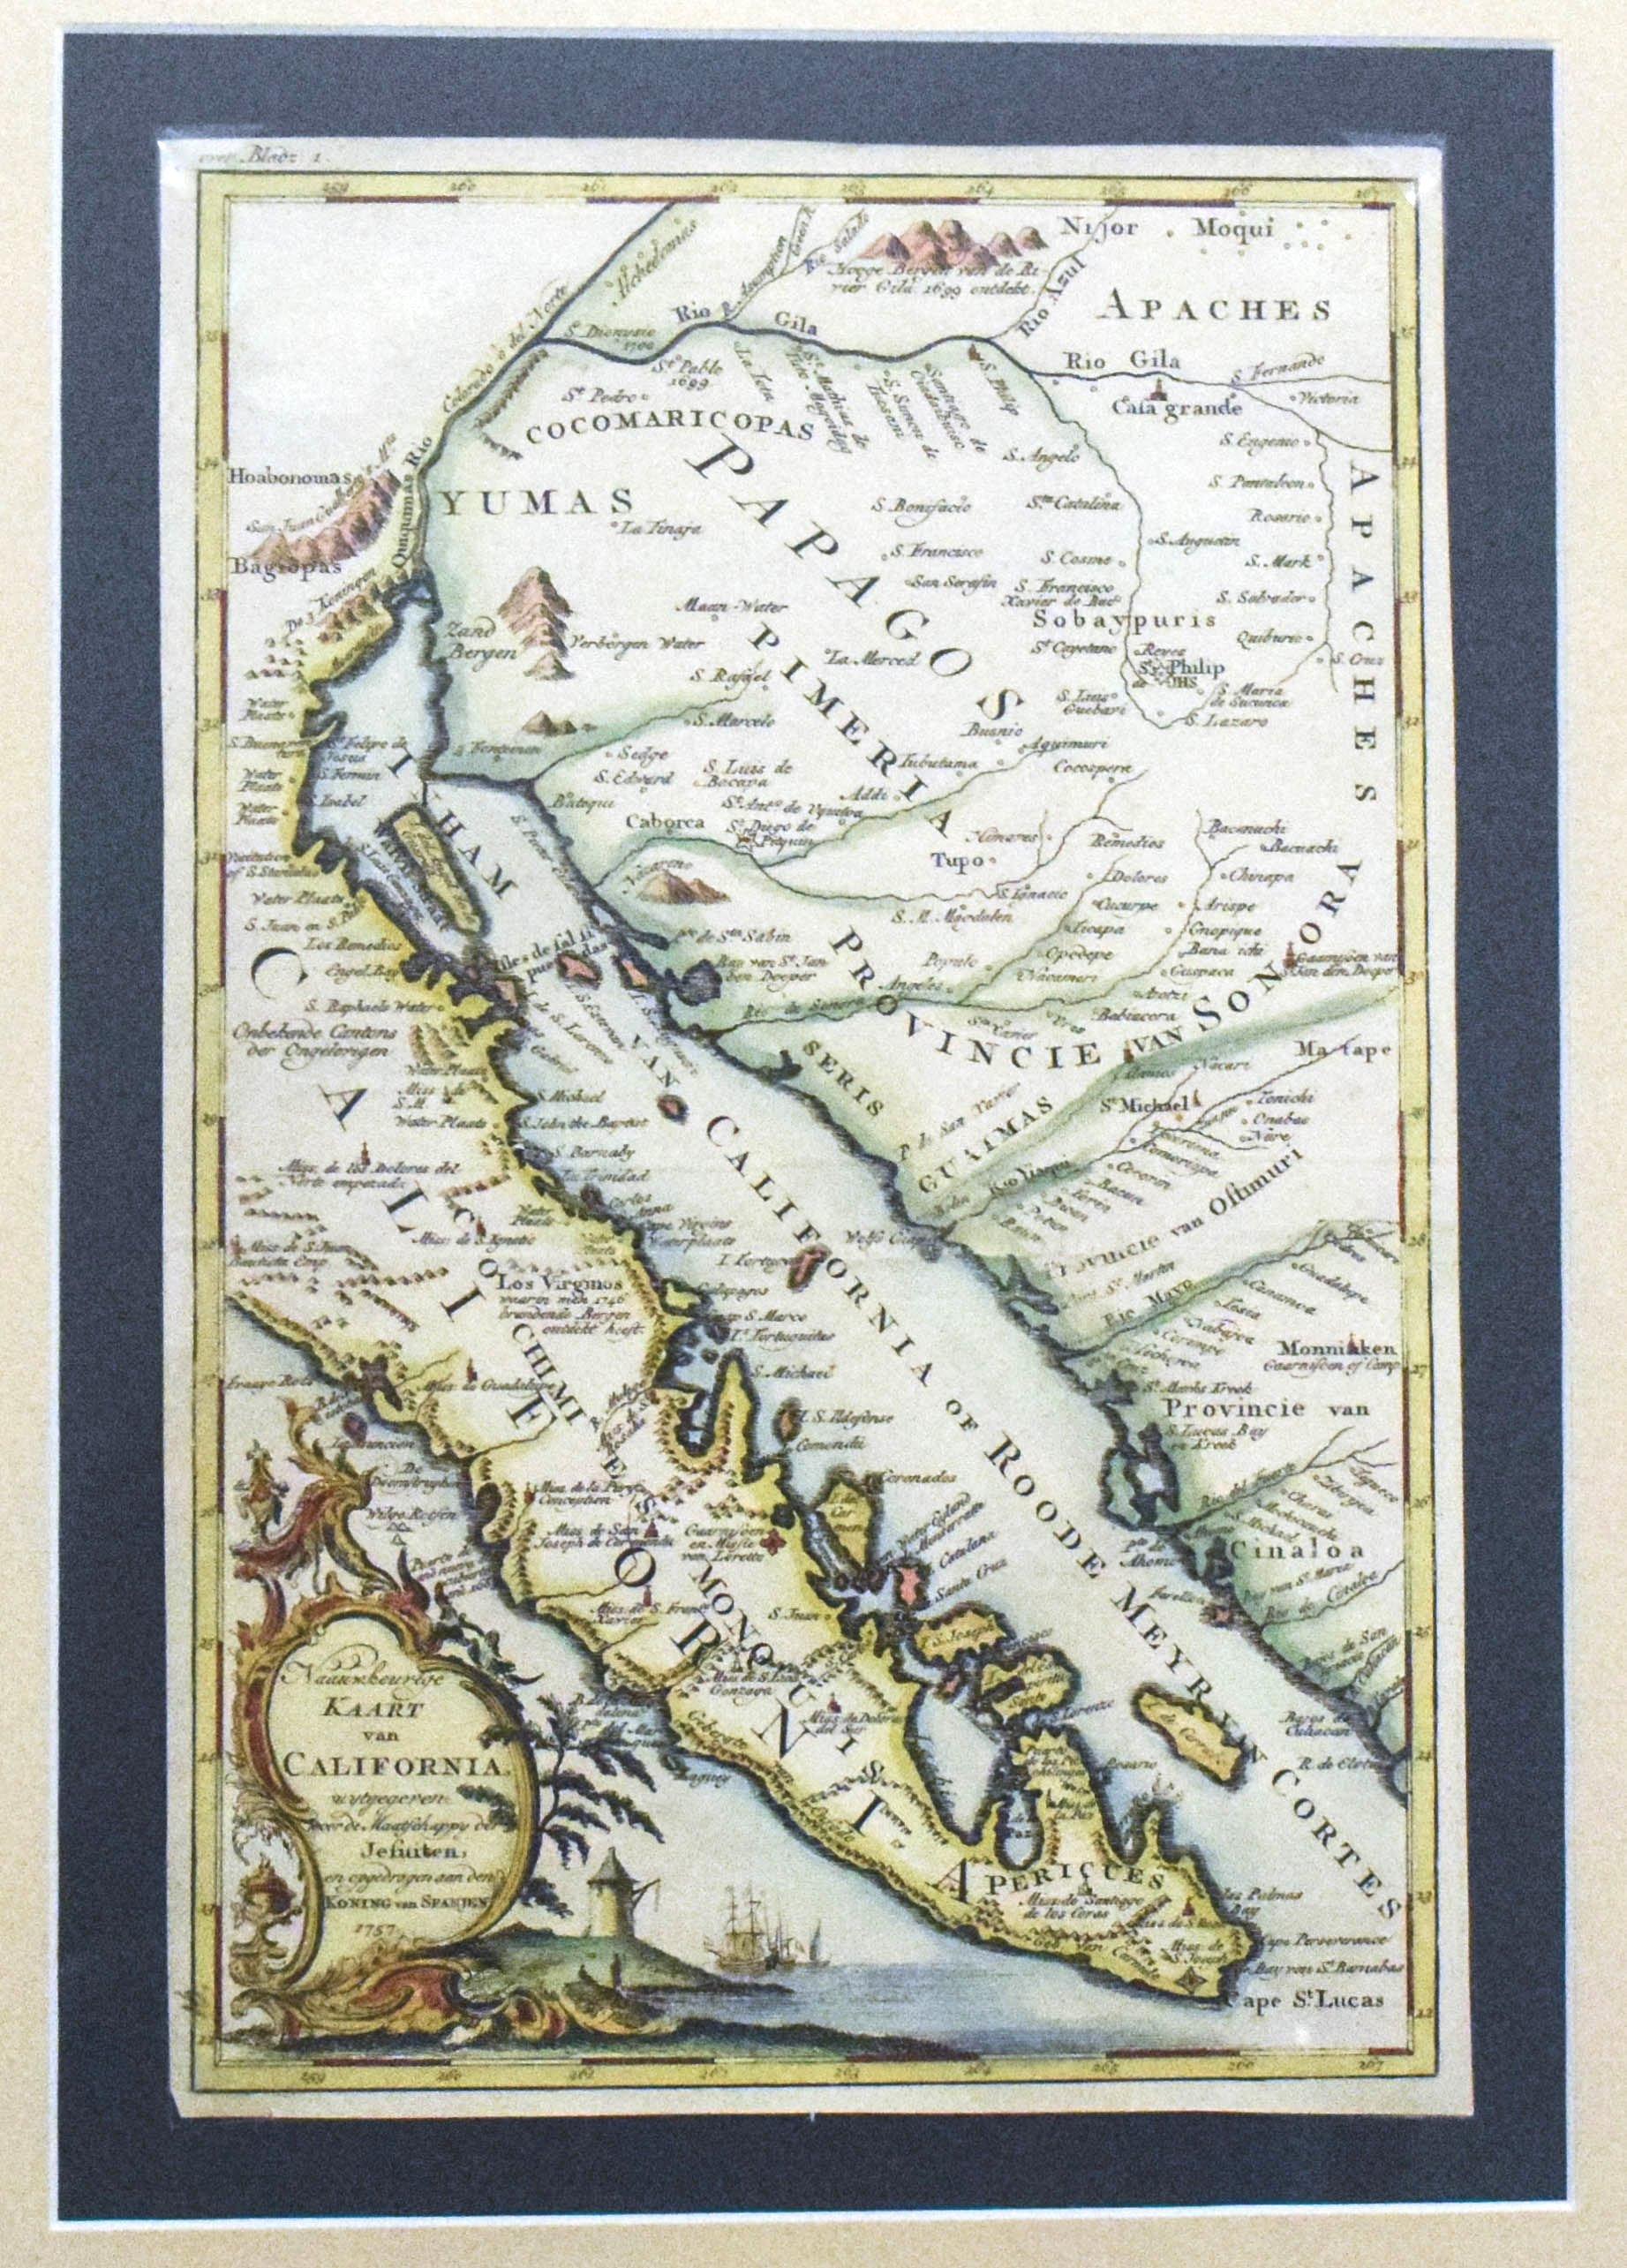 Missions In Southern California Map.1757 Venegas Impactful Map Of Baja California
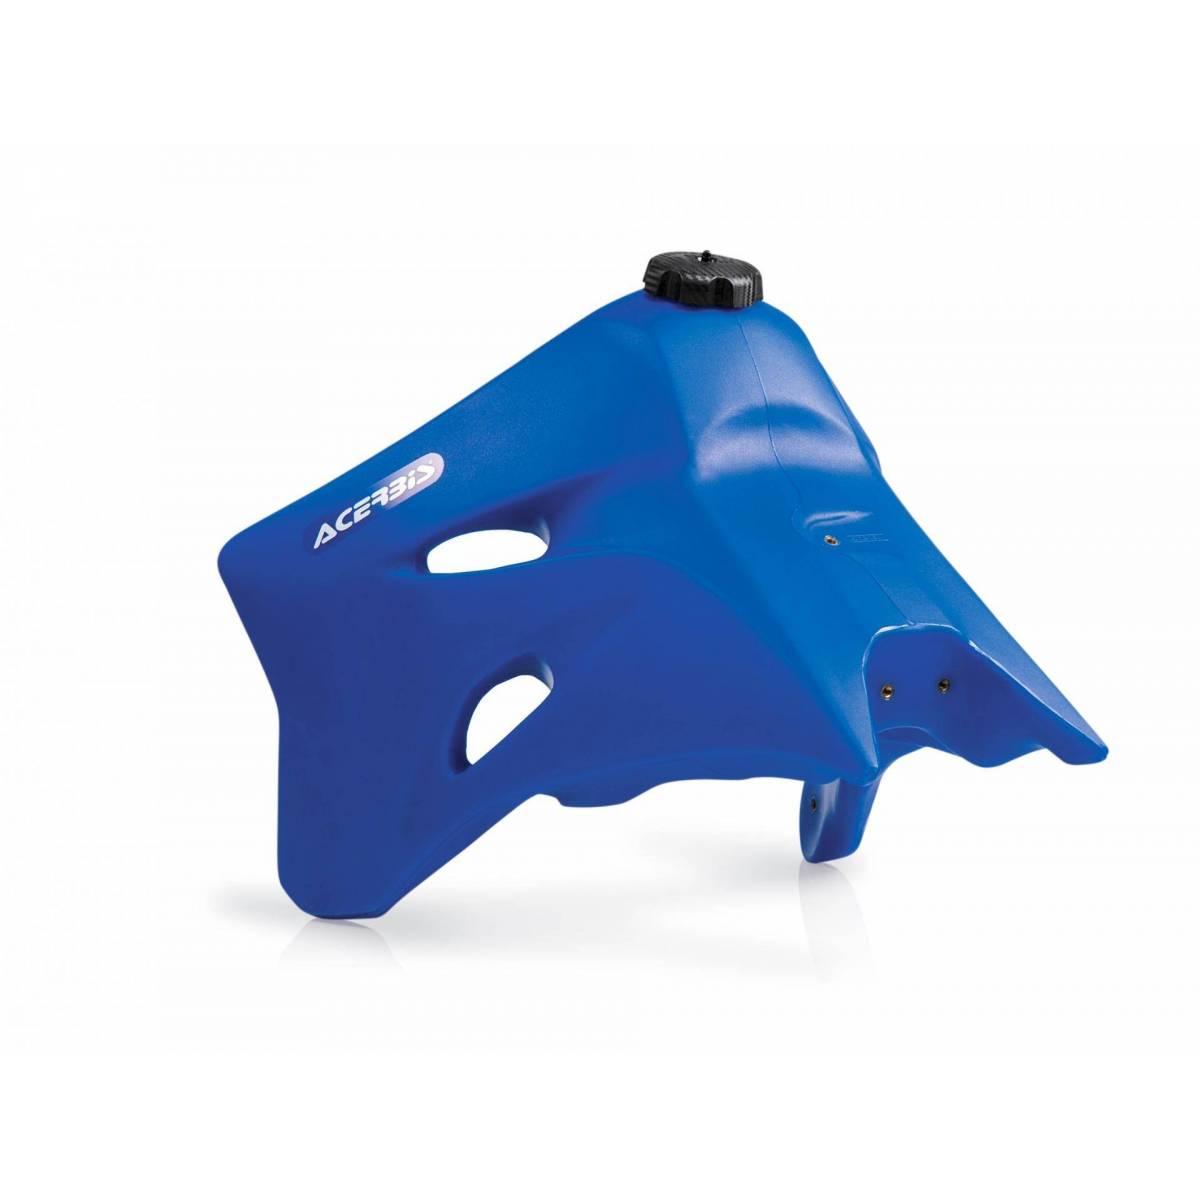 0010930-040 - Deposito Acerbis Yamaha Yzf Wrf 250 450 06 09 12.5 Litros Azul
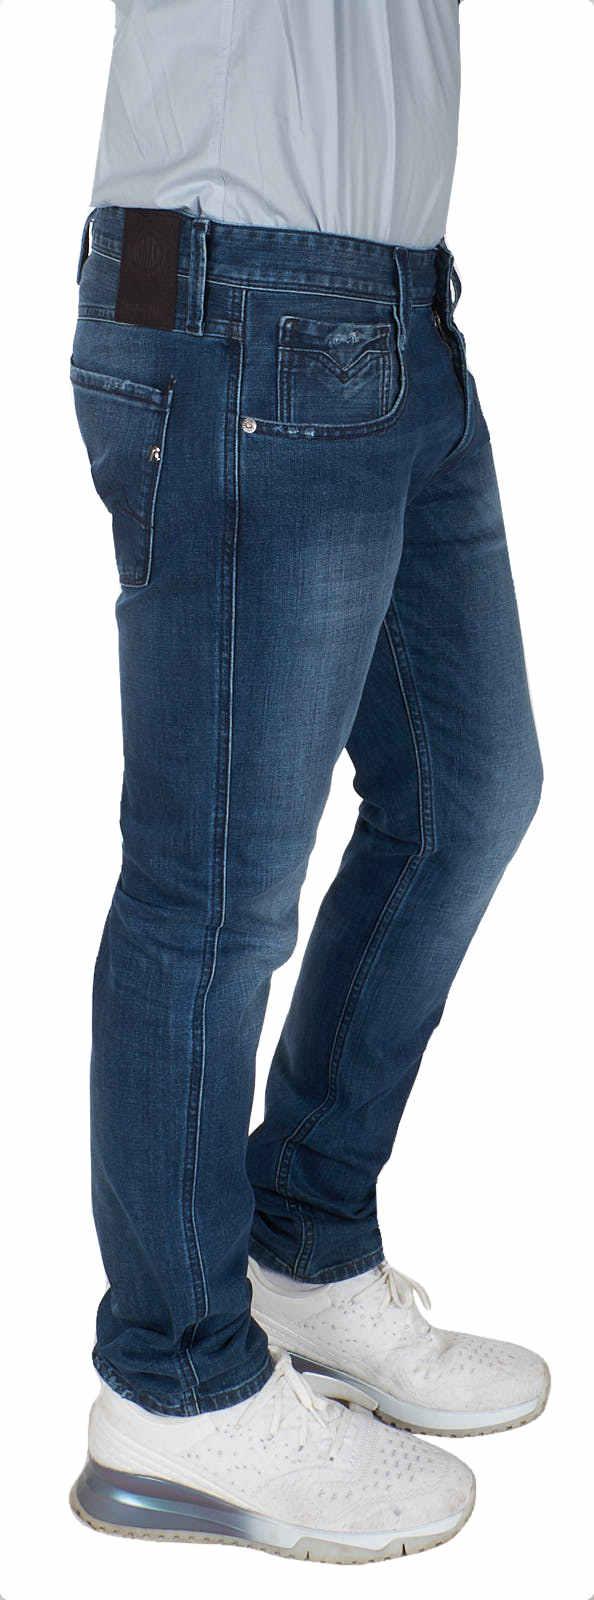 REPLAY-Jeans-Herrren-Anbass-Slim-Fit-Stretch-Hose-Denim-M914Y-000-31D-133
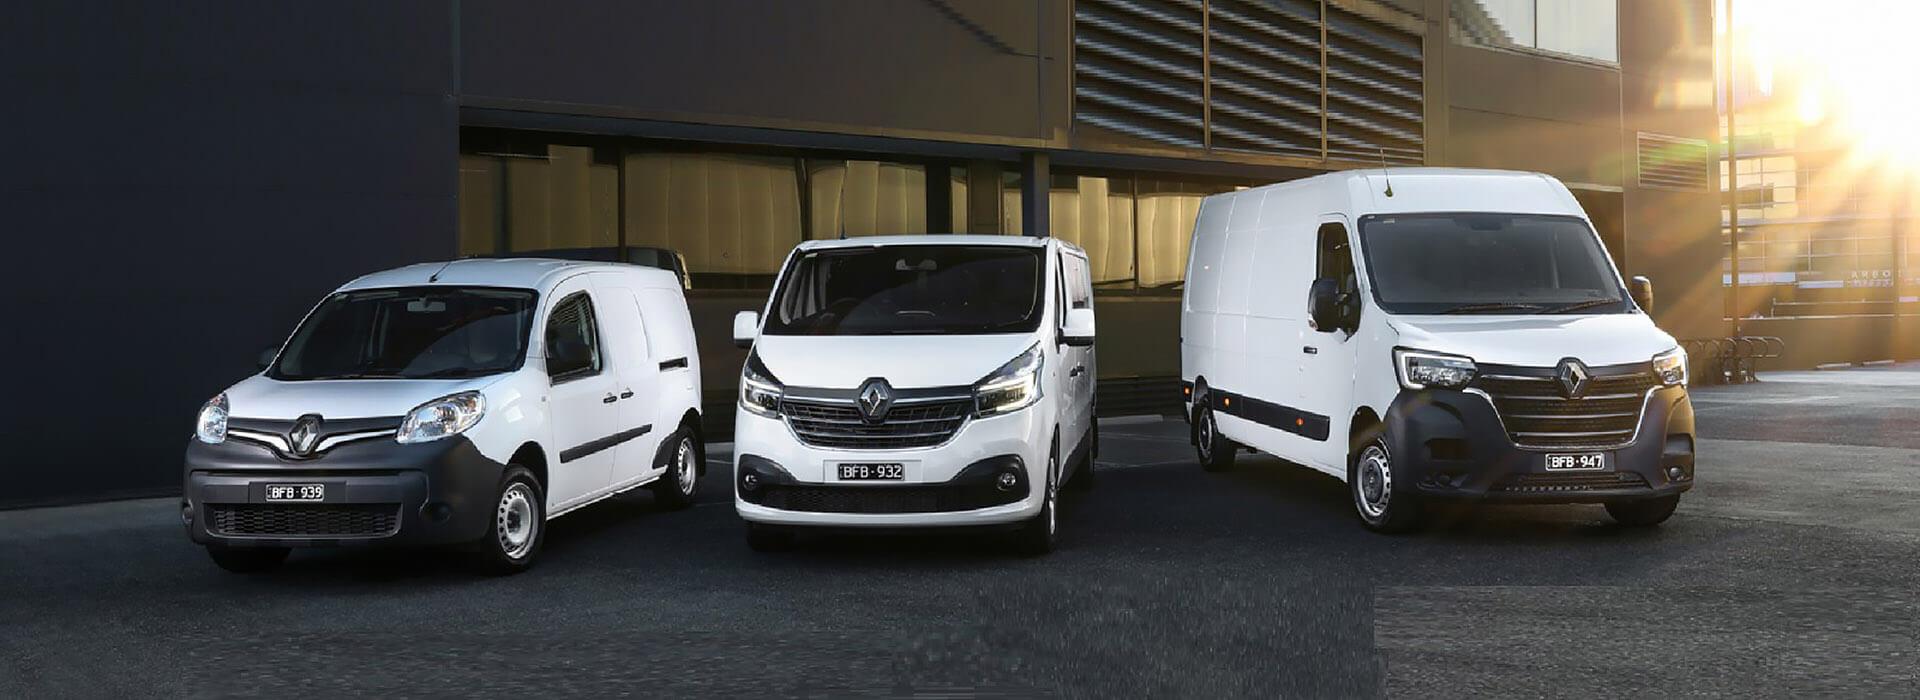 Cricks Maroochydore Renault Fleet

○ ○ ○

Each line of the data is to be duplicated exactly; pictures stay out of the copy.

 Missions In Southern California Map.1757 Venegas Impactful Map Of Baja California
 0010930-040 - Deposito Acerbis Yamaha Yzf Wrf 250 450 06 09 12.5 Litros Azul
 REPLAY-Jeans-Herrren-Anbass-Slim-Fit-Stretch-Hose-Denim-M914Y-000-31D-133
 Cricks Maroochydore Renault Fleet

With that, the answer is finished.